Spring 2018, my second to last quarter as an undergrad, I decided to take DES 166- Human Centered Design taught by Professor Tom Maiorana. We explored the different elements and factors that went into a human-centered approach when solving a design problem


Throughout the 10 weeks, we worked to solve a design challenge presented by the City of Davis: to reimagine the G Street plaza. With a team of 2 other girls, Professor Maiorana guided us through the process of human centered design, working closely to refine our skills in conducting interviews, discovering point of views, research, prototyping, and storytelling. 



With my partners, Katie Kroger and Aiswarya Loganathan, we developed a concept called the Garden Wall, a wall consisting of a terrarium oasis with the simple relaxing sounds of a waterfall. This wall aims to create a sense of peace and secureness in a busy environment. 


Together, my team worked well collaboratively. We delegated roles evenly and were never afraid to speak up with any ideas. I conducted many interviews while making sure to capture the narratives of each individual. I also created the aesthetics and graphics in our proposal presentation to the City of Davis. 


My team was able to conduct a good amount of interviews for research purposes, however, there was one user who we thought had an interesting perspective. 


We first met Liza sitting in front of Peet’s coffee with her adorable dog, sipping her coffee and enjoying the sun. She mentioned that she used to live in Denmark and loves the outdoors which made her nostalgic of her home environment. Surprisingly, she says that her favorite place to hang out is in an area where she has some privacy but can observe people. For example, sitting on top of Natsoulas Gallery overlooking Davis makes her feel at peace.


My team and I realized that among the users were interviewed, most of them felt the same way as Liza. 

So, we thought it would be game changing to create something that makes her feel secure in a public area.

From that, my team came up with three different concepts that we believed would be a good fit for Liza's "criteria". They were:

  1. the sharing wall

  2. the terrarium wall

  3. the privacy waterfall wall


We decided to go further in testing the privacy wall since it met Liza’s need for privacy and observation best.






As you can tell, we took a lot of time to prototype and simulate the experience we wanted the user to have.

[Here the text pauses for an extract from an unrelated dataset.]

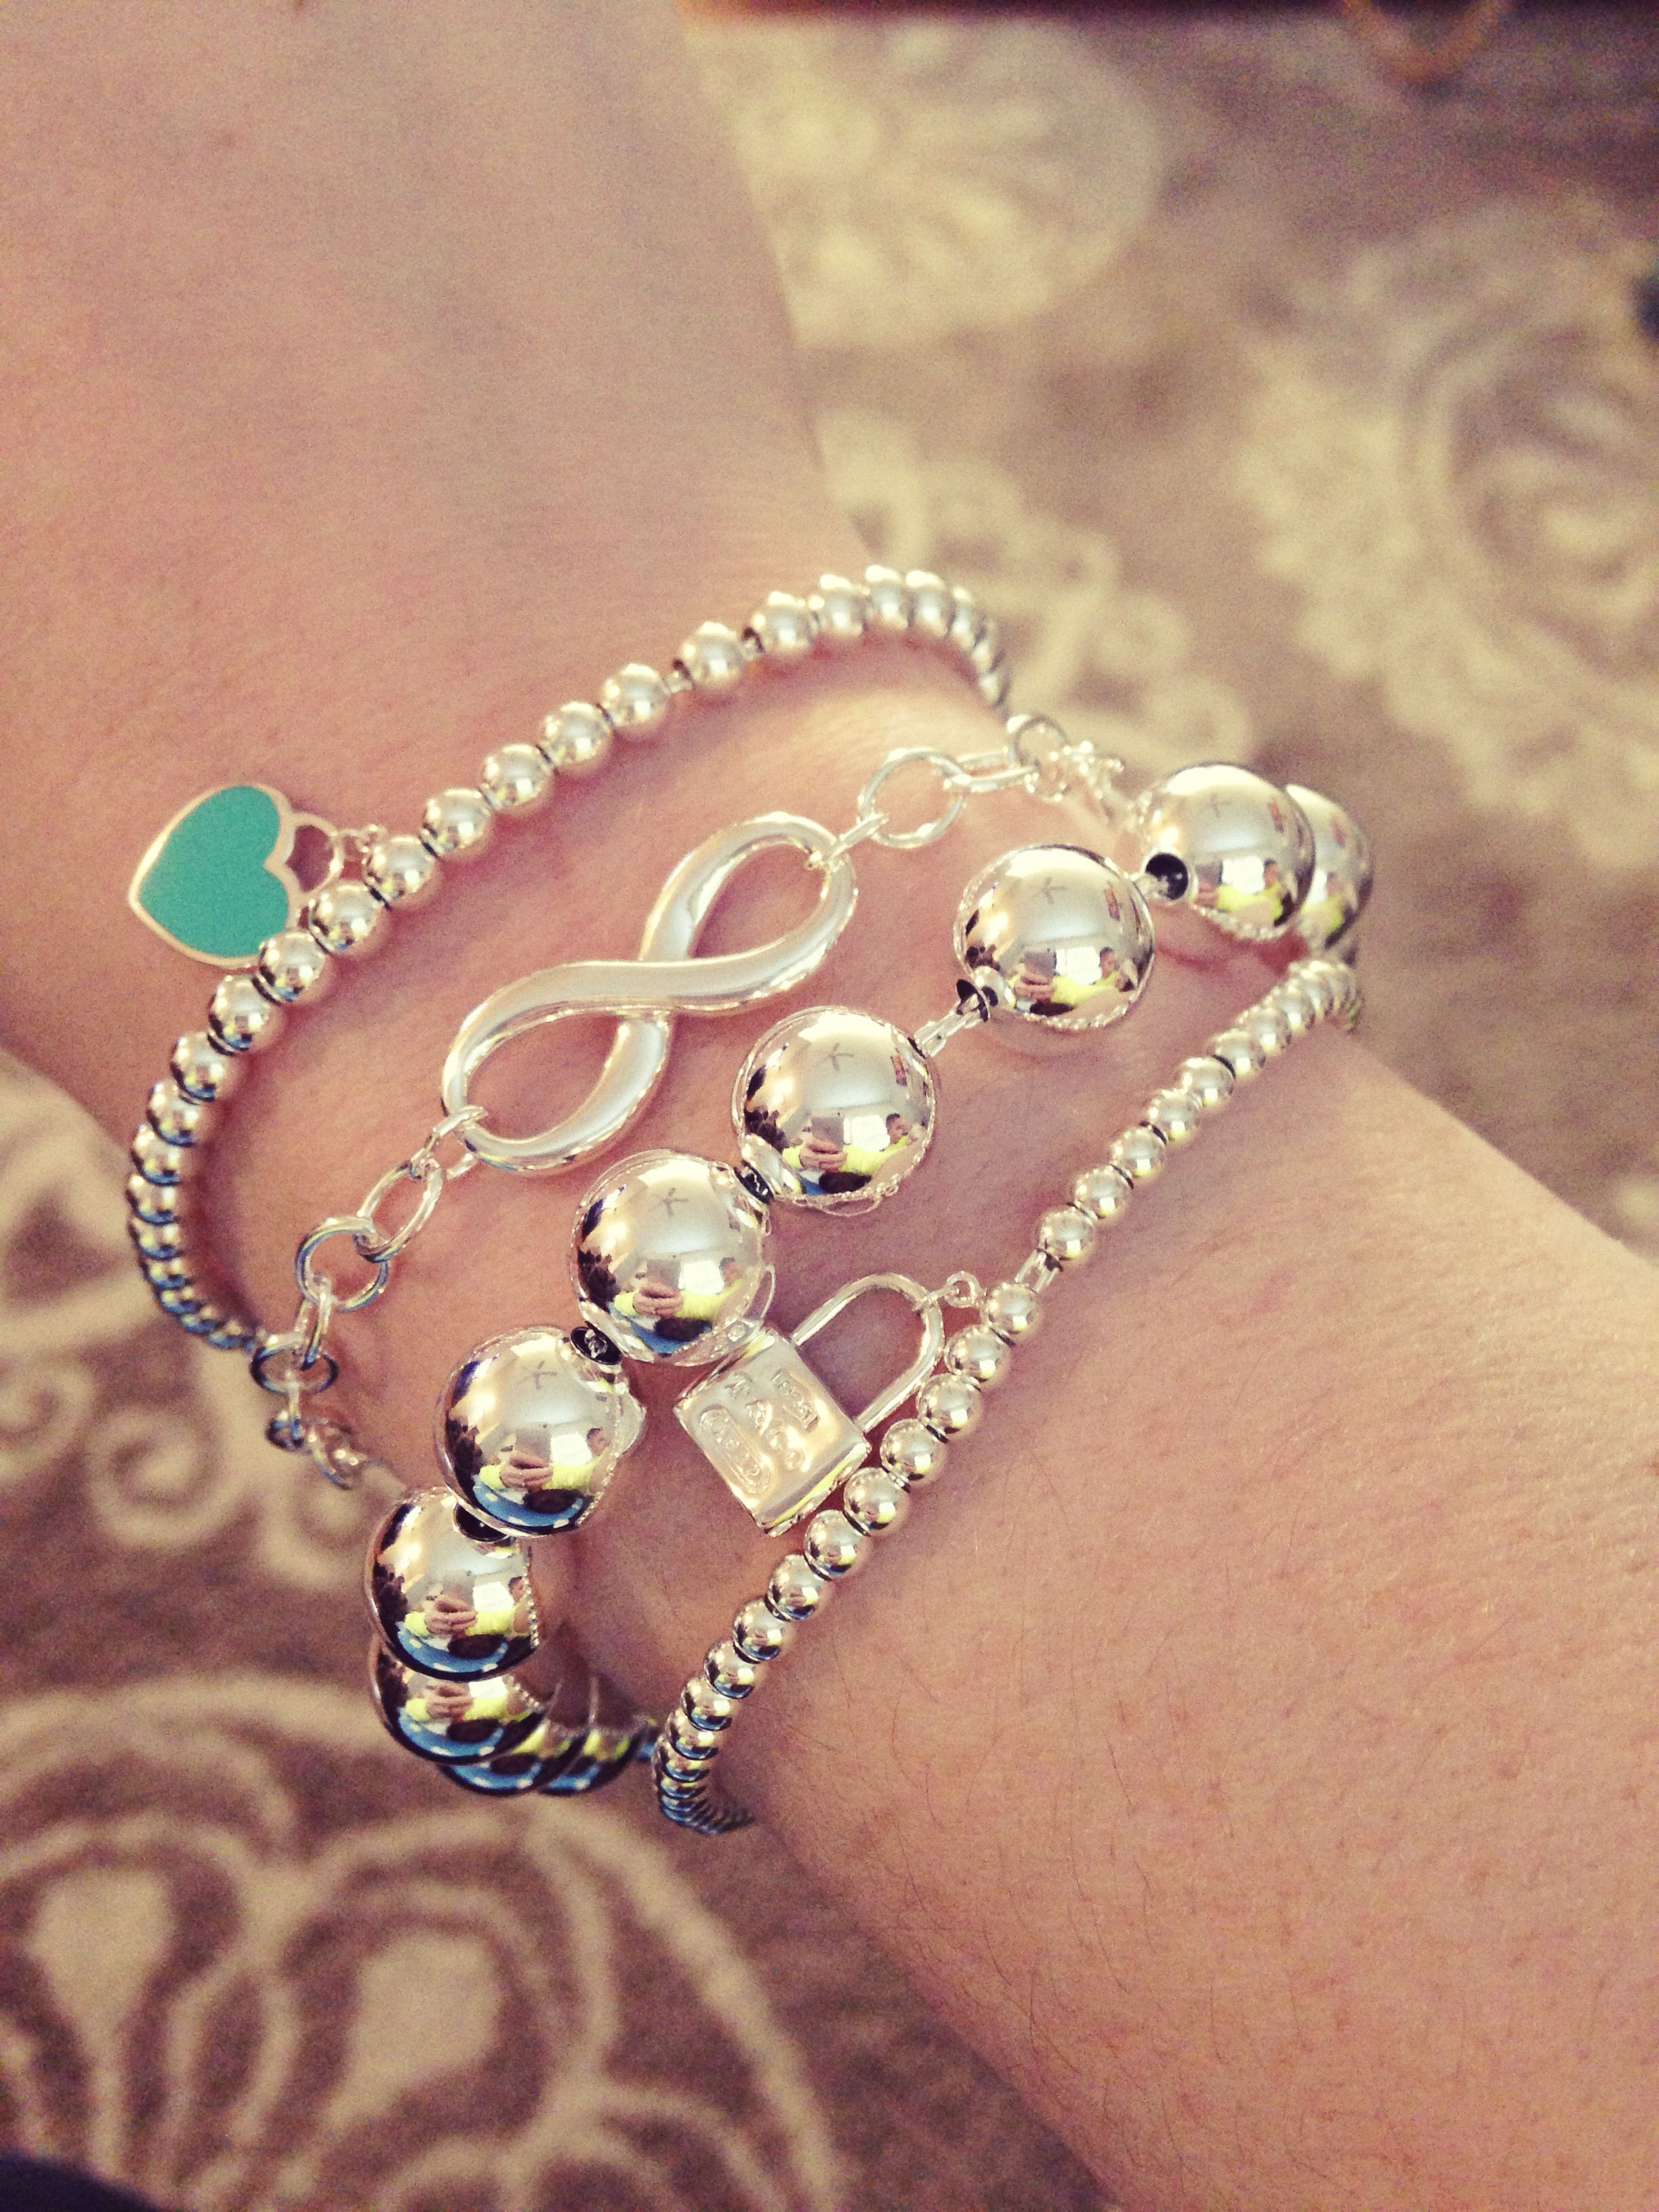 My New Tiffany's Bracelets :)
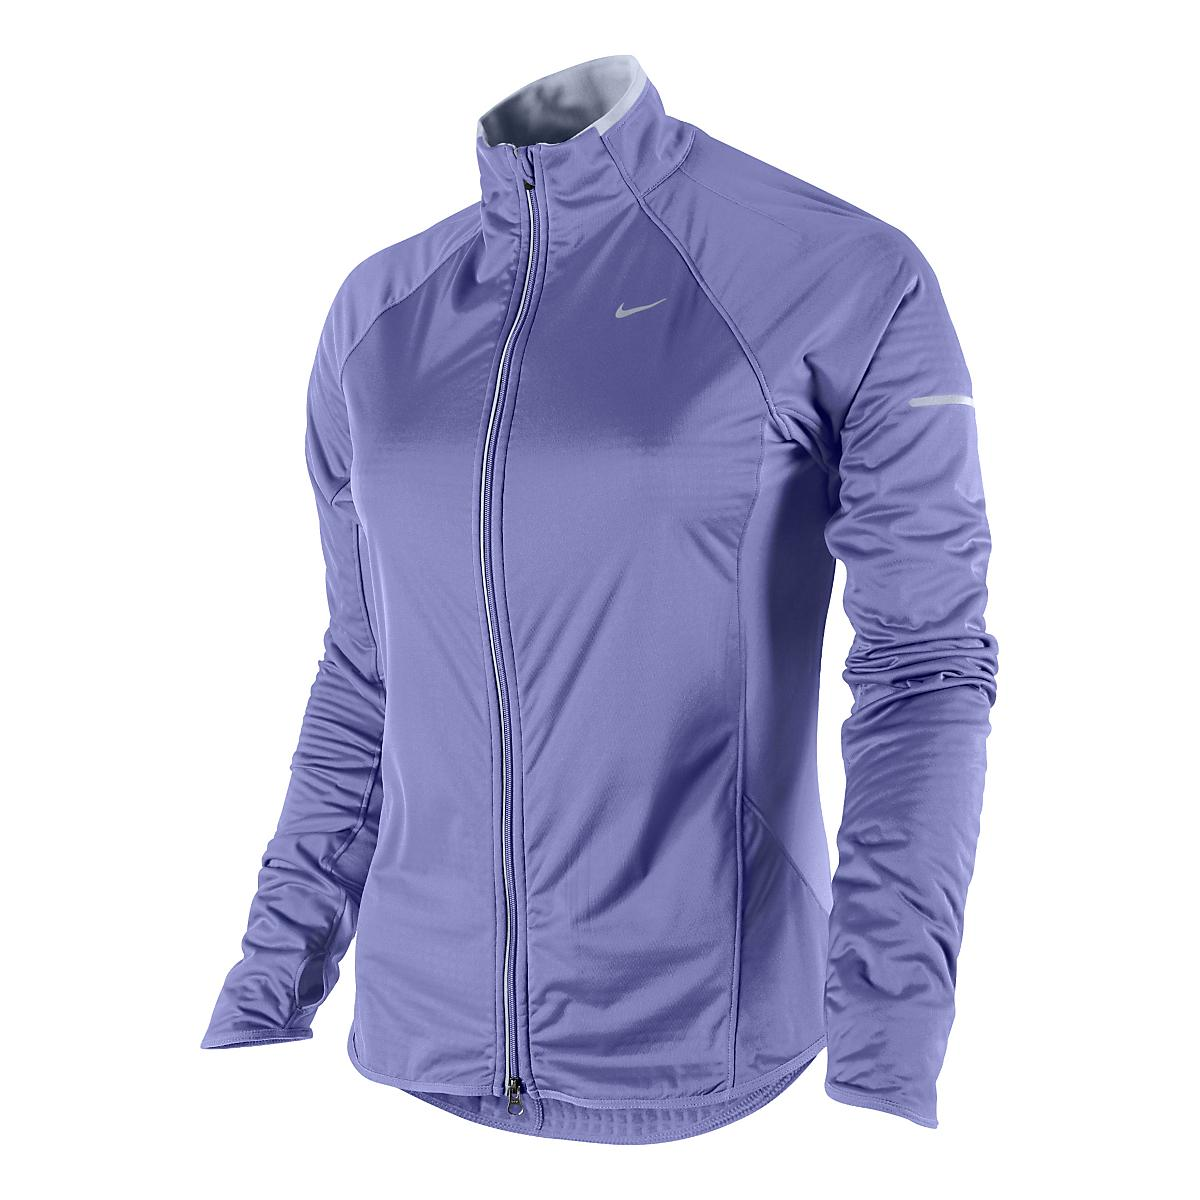 01bb3866faff Womens Nike Element Shield Full Zip Running Jackets at Road Runner Sports

At first, we thought that water would be a good distraction from the busyness of downtown but after testing it on different people, it wasn't the sight of water that was calming, it was more of the sound of it. Our team got a lot of feedback about how greenery was actually more refreshing to look at than water. 


So we tried a different approach, which later we came to name as The Garden Wall.

Instead of having the sight of water, we simulated a "wall with green leaves" (more so like a garden) and played waterfall sounds in the background. And of course, we tested this at the prime location of the G Street Plaza. This is the feedback we got:


  • “It sounds like hot springs or a bath. I feel like I’m in biblical gardens right now without a care in the world because everyone is alright” 

  • “I feel at peace and centered”

  • “I definitely feel like having water would be peaceful and cool during the summers in Davis. 

  • “Having a plant wall with water would be a great idea for the city of Davis” 

  • “When I close my eyes, I feel very calm and relaxed” 


What we took away from our tests were that for our concept to be successful we needed to test our prototype at the plaza and be able to give users a sense of peace in a busy environment. We were originally focusing on making people feel private but we think it’s really about making people feel calm and secure downtown.


So what's next? 


With the help of Katie's knowledge in Vector Works, our team was able to create a simple overview of what the Garden Wall would look like once implemented in the G Street Plaza. 


Some features of the redesign will include:

  • 3 feet thick plant wall

  • wooden benches set into it for privacy 

  • hidden speakers playing water sounds (most likely located under the benches)

  • a new pathway through the plaza

  • plants and trees

  • bathroom

  • better bike parking area 


Probably one of my favorite design classes at UC Davis so far, I was able to discover what "human-centered design" consisted of.


Throughout these rigorous 10 weeks, I learned that design thinking often times require you to think in a different approach. As an inspired designer, I can proudly say that I am now able to:


  1. conduct ethnographic research

  2. develop ways to reframe design challenges processes

  3. run and participate in effective brainstorms

  4. prototype and simulate experiences in creative ways

  5. formulate/ reformulate challenges based on user insight, idea conceptualization, and storytelling


Special thanks to Professor Tom Maiorana for making this course such a fulfilling experience!